Reputation: 48682
When using replication with a quorum, Elasticsearch allows writes to fail for some (a small number of) replica shards. Writing to a replica might fail only because it is temporarily unavailable (because of a temporary network partition, for example). When that shard becomes available again (the network is fixed, for example), what happens?
Does Elasticsearch automatically detect that the shard is out of date (stale, inconsistent with the primary shard) and update it in the background? Or must you perform a manual operation? When the shard returns from being unavailable, but is out of date, does Elasticsearch automatically refrain from querying that shard (and retrieving stale data) until it is brought up to date?
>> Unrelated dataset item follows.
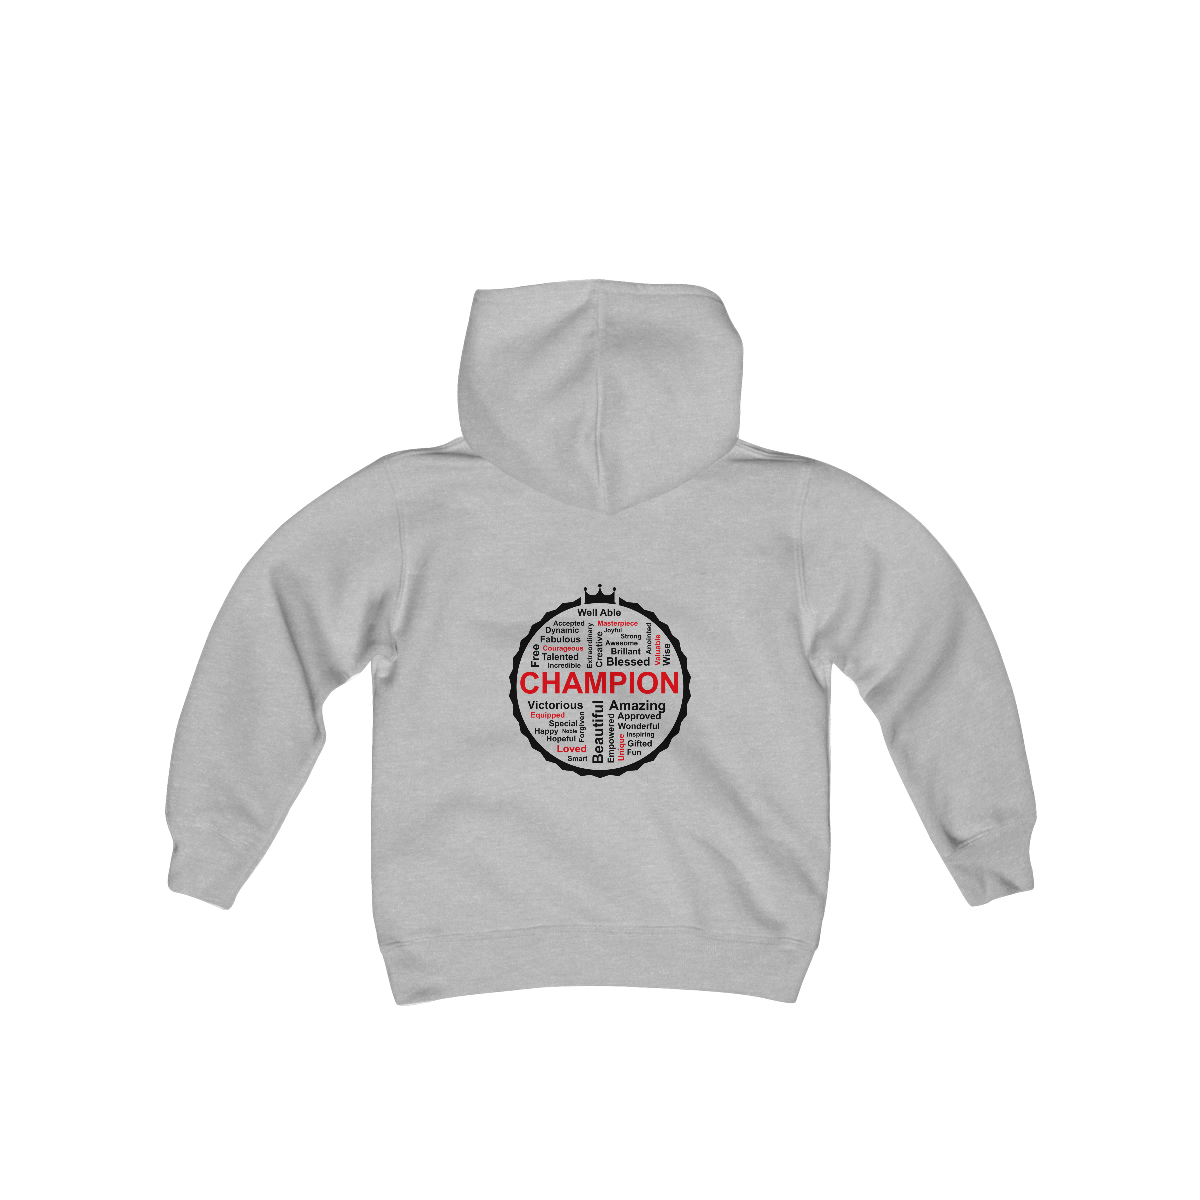 CHAMPION Kids Hoodie - Champions Needs Club Special Ministry

Or must you provide special query parameters it ensure that out-of-date shards are not used?
Upvotes: 1
Views: 1227
Reputation: 10859
Be careful: Quorum is generally associated with the election of the one master node out of all master eligible nodes. That master maintains the cluster state, which keeps track of the one primary shard (plus 0 or more replica shards) — there is no quorum involved for this.
The replication protocol has been improved a lot in 6.0 with sequence numbers and primary terms. A good overview is the blog post about it. Basically all operations are numbered (per shard), so missing operations can be detected and replayed; see the recovery part in the blog post in particular.
With failing primary shards it can get a little more interesting; one great post about more details is available on Elastic's discuss.
Upvotes: 1
Reputation: 691
Elasticsearch manages automatically the replica that it are out of date. No manual operation or special query are necessary.
In case of nodes/network failure you have to ensure that a quorum of the cluster remain online, otherwise you will encounter the split brain problem in which you cannot known which of the replica is in line and which is out of date.
Upvotes: 1